EXERCISE DIRECTIONS -
Give back the whole listing verbatim, printing none of its pictures.

RECORDED DATA START

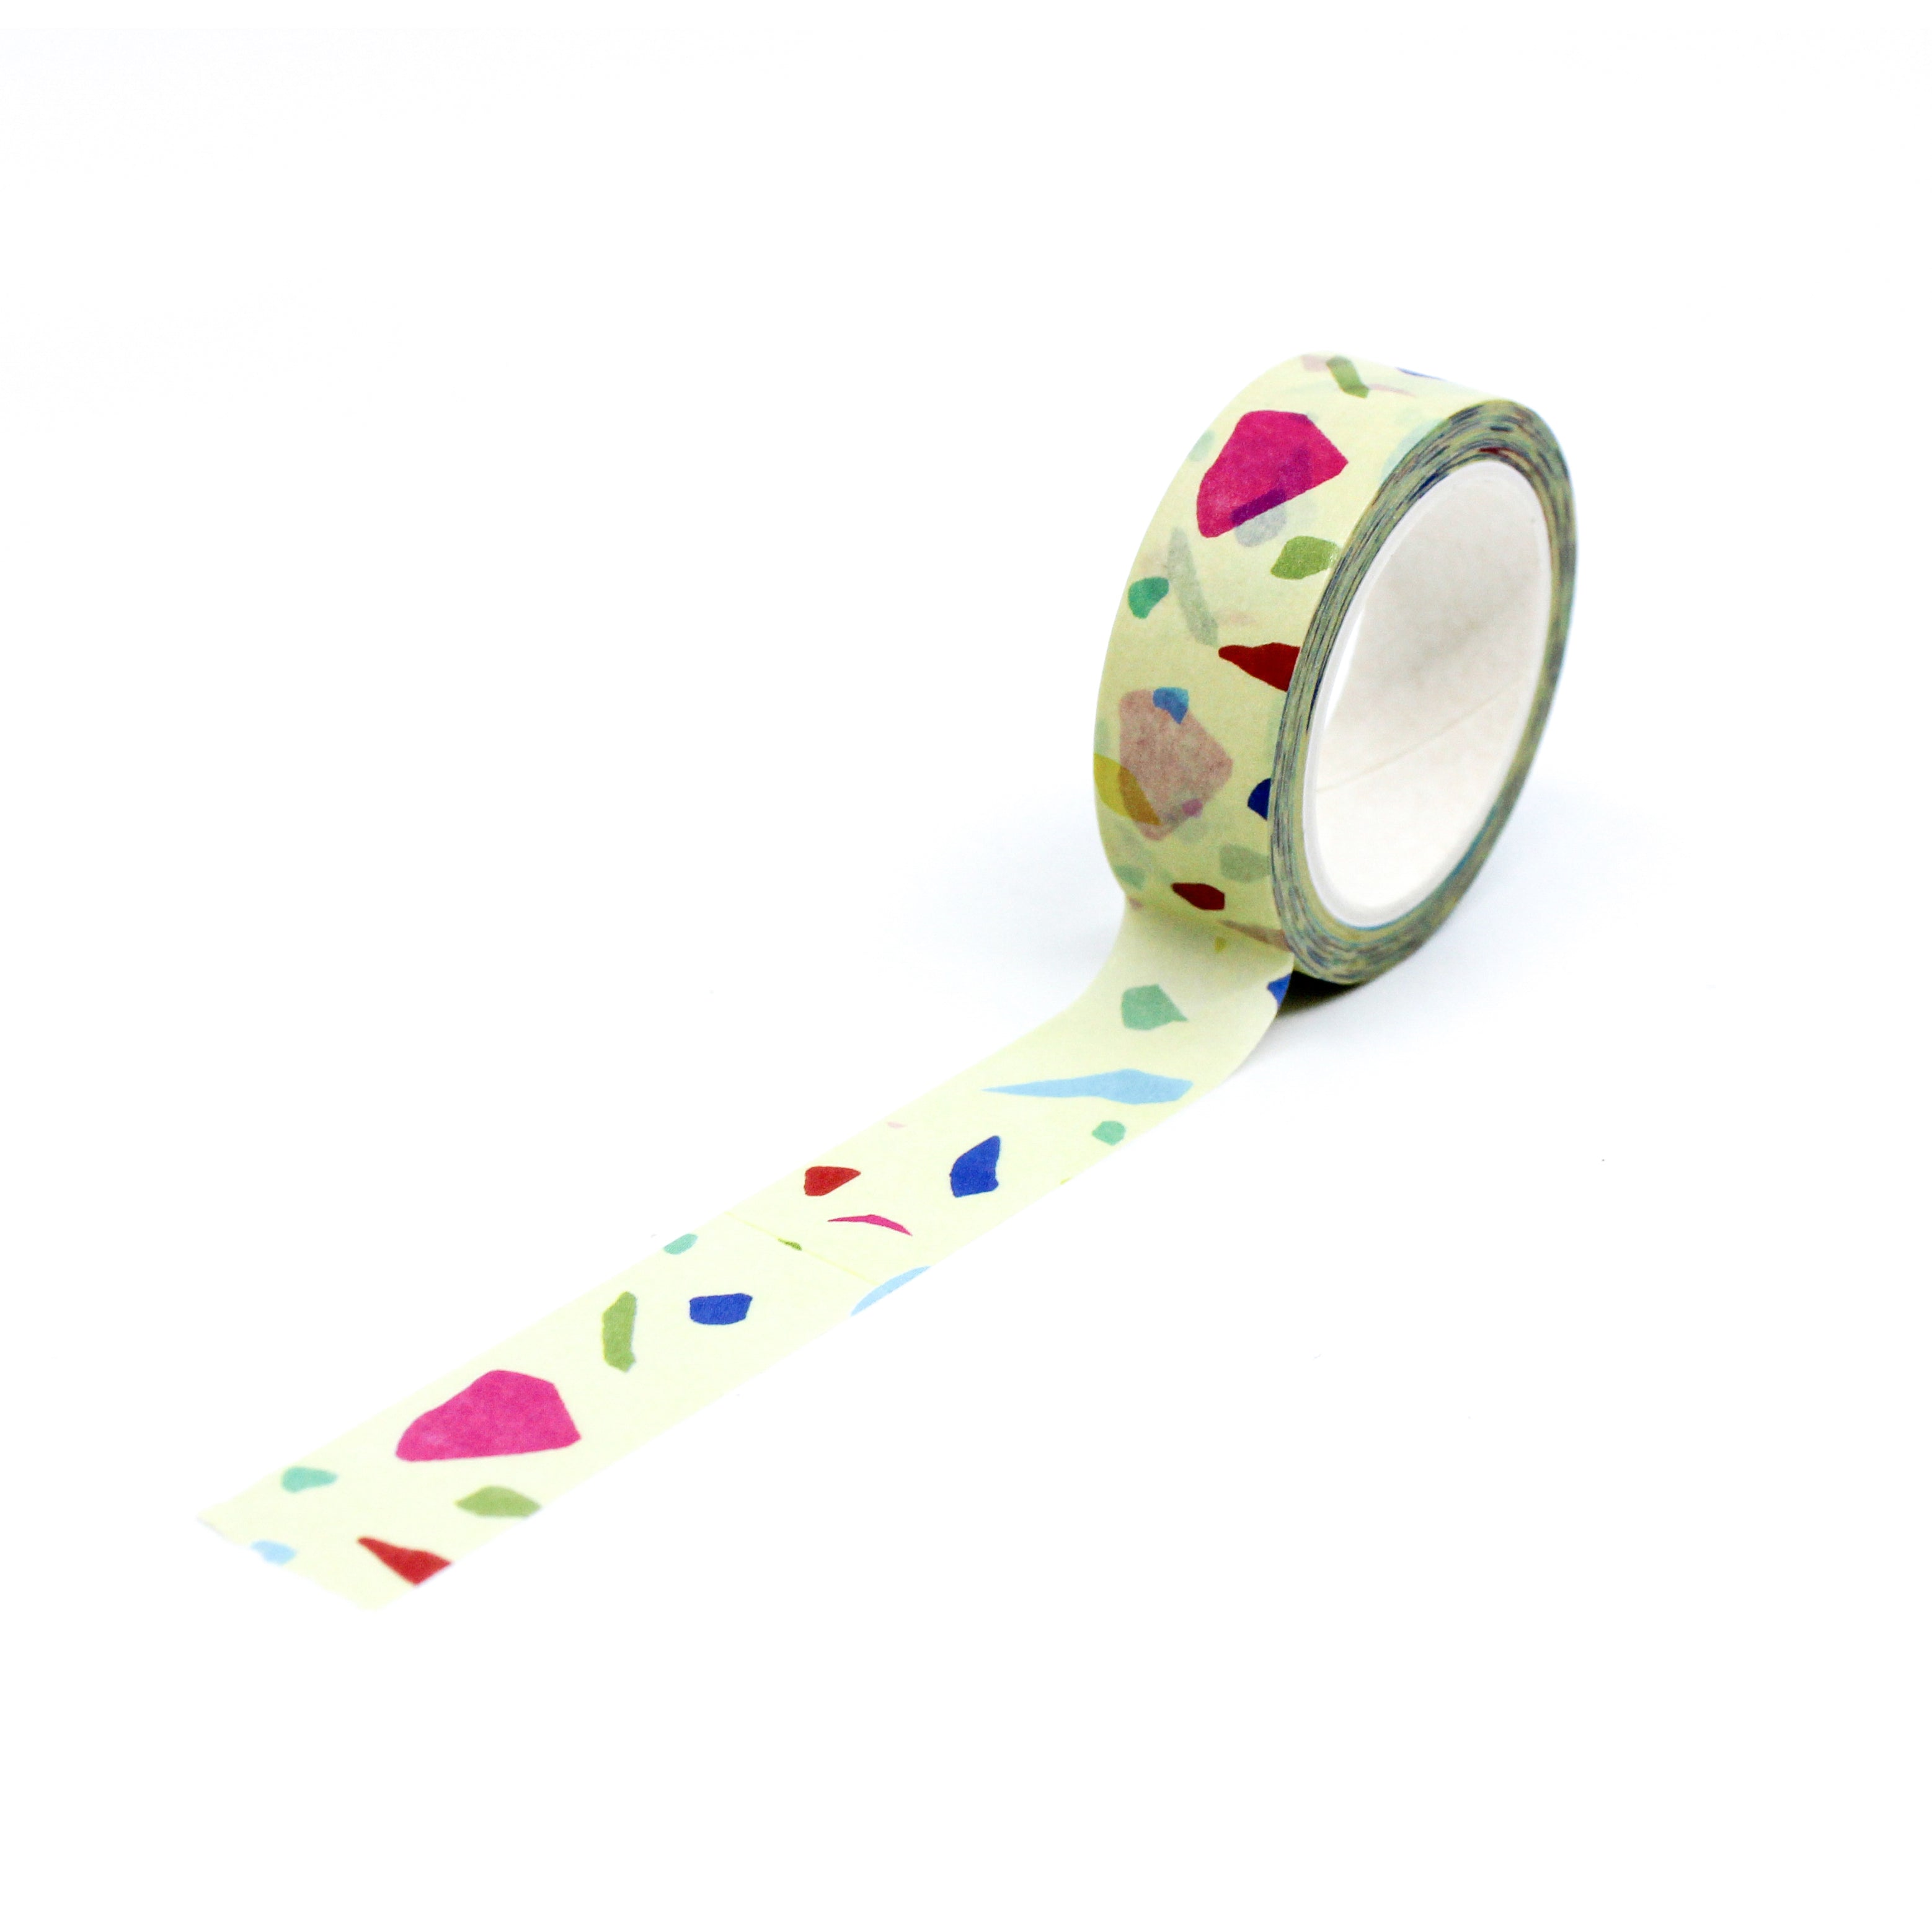 This is a full pattern repeat view of yellow terrazzo washi tape from BBB Supplies Craft Shop
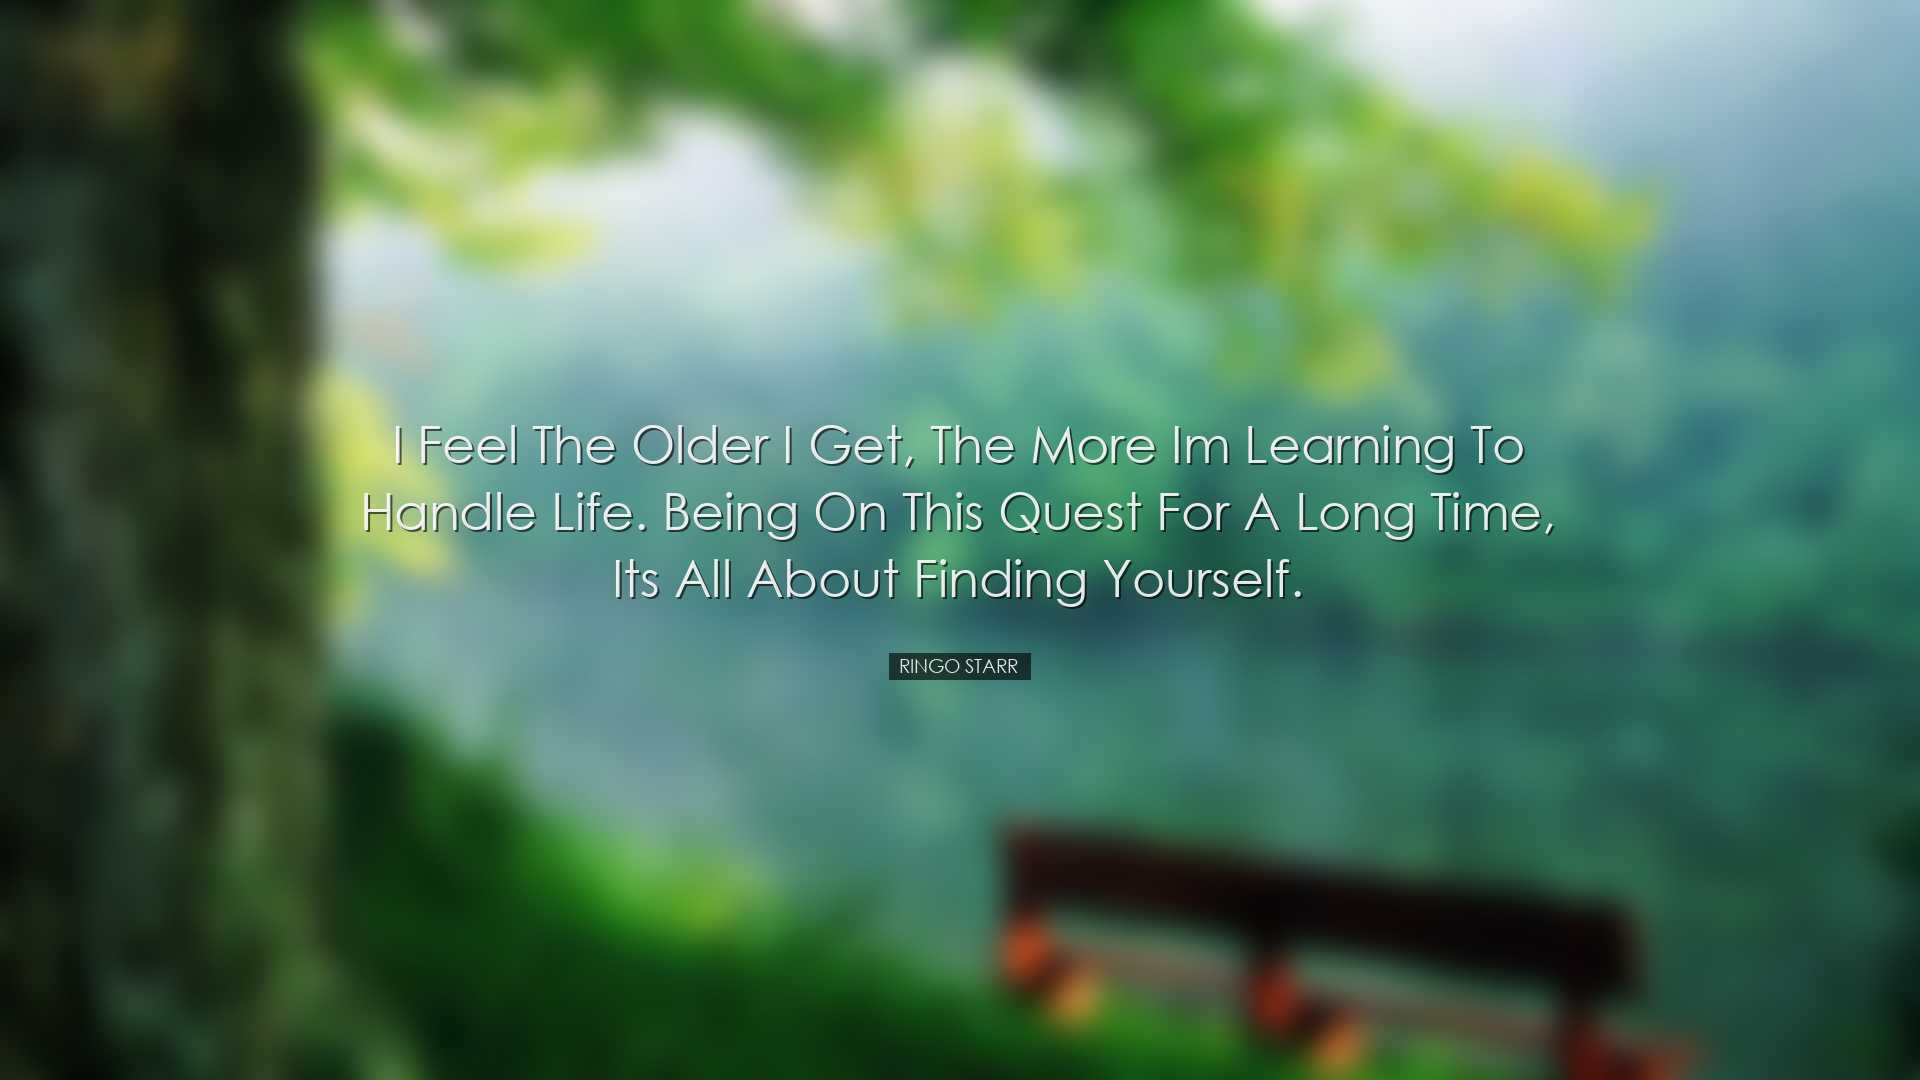 I feel the older I get, the more Im learning to handle life. Being
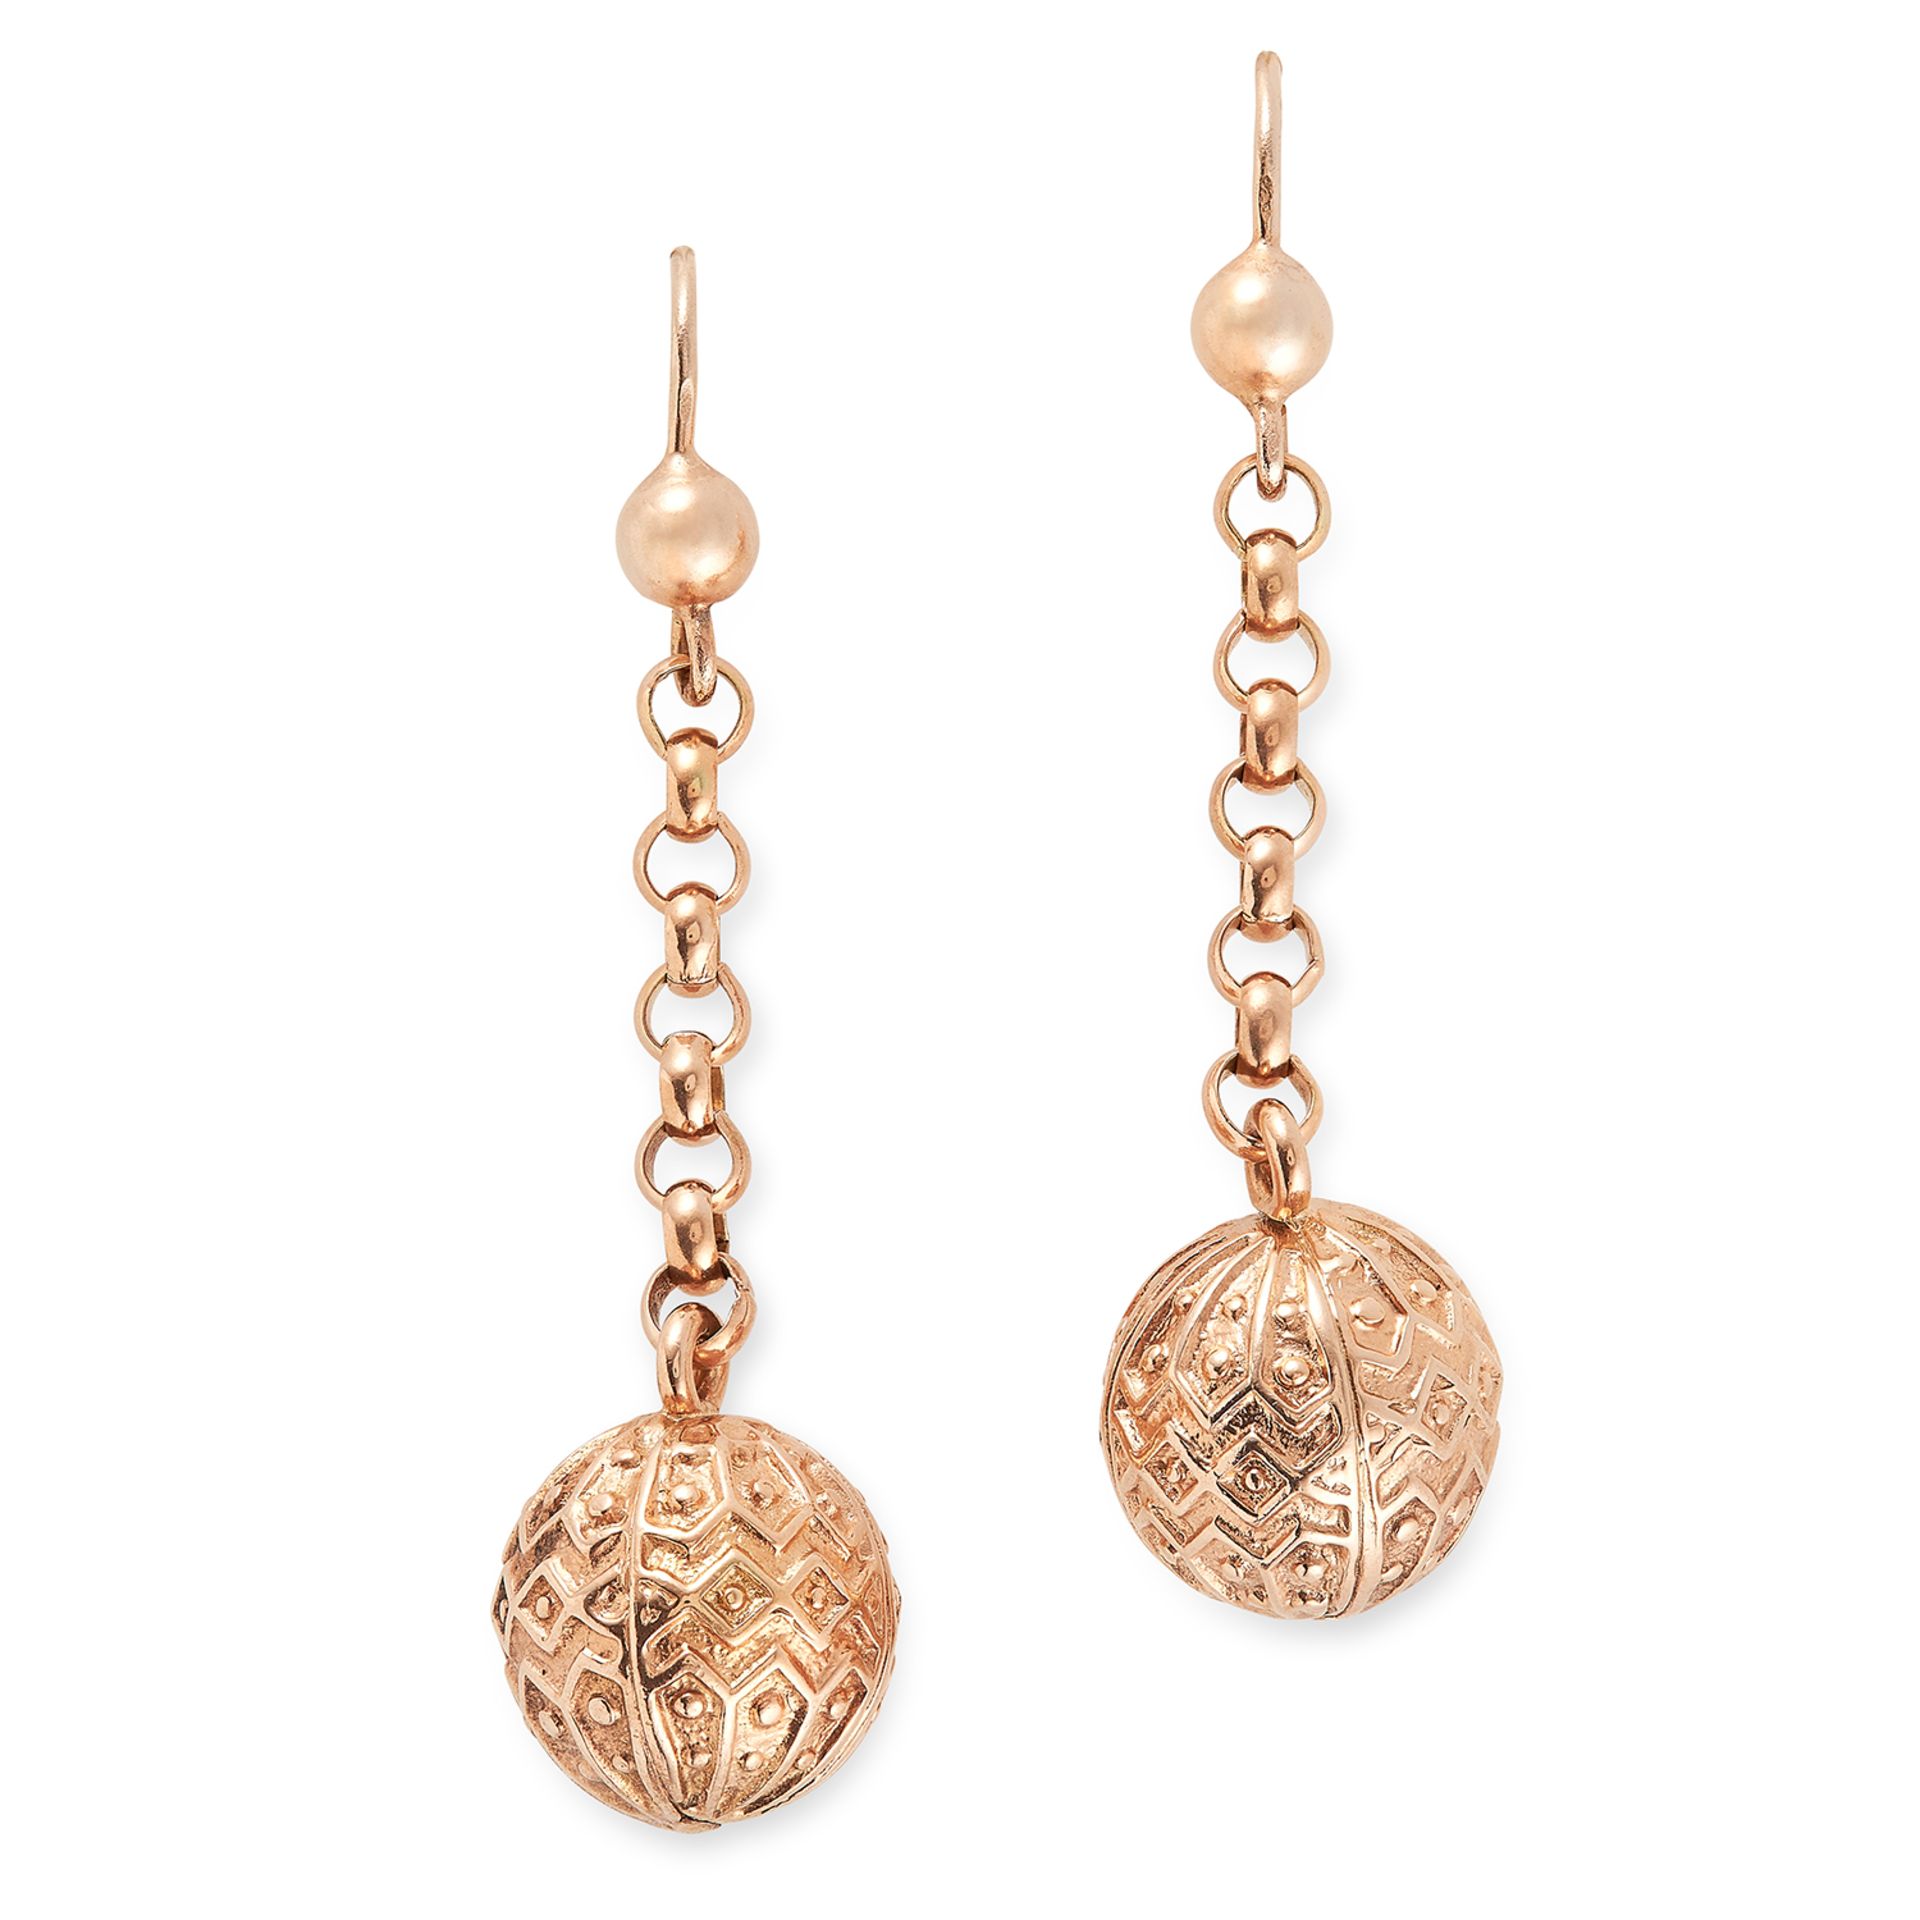 ANTIQUE GOLD DROP EARRINGS set with ornate gold beads, 4.5cm, 7.2g.

RECORDED DATA END

REPLY TO THE EXERCISE -
 This is a full pattern repeat view of yellow terrazzo washi tape from BBB Supplies Craft Shop
 I feel the older I get, the more Im learning to handle life. Being
 ANTIQUE GOLD DROP EARRINGS set with ornate gold beads, 4.5cm, 7.2g.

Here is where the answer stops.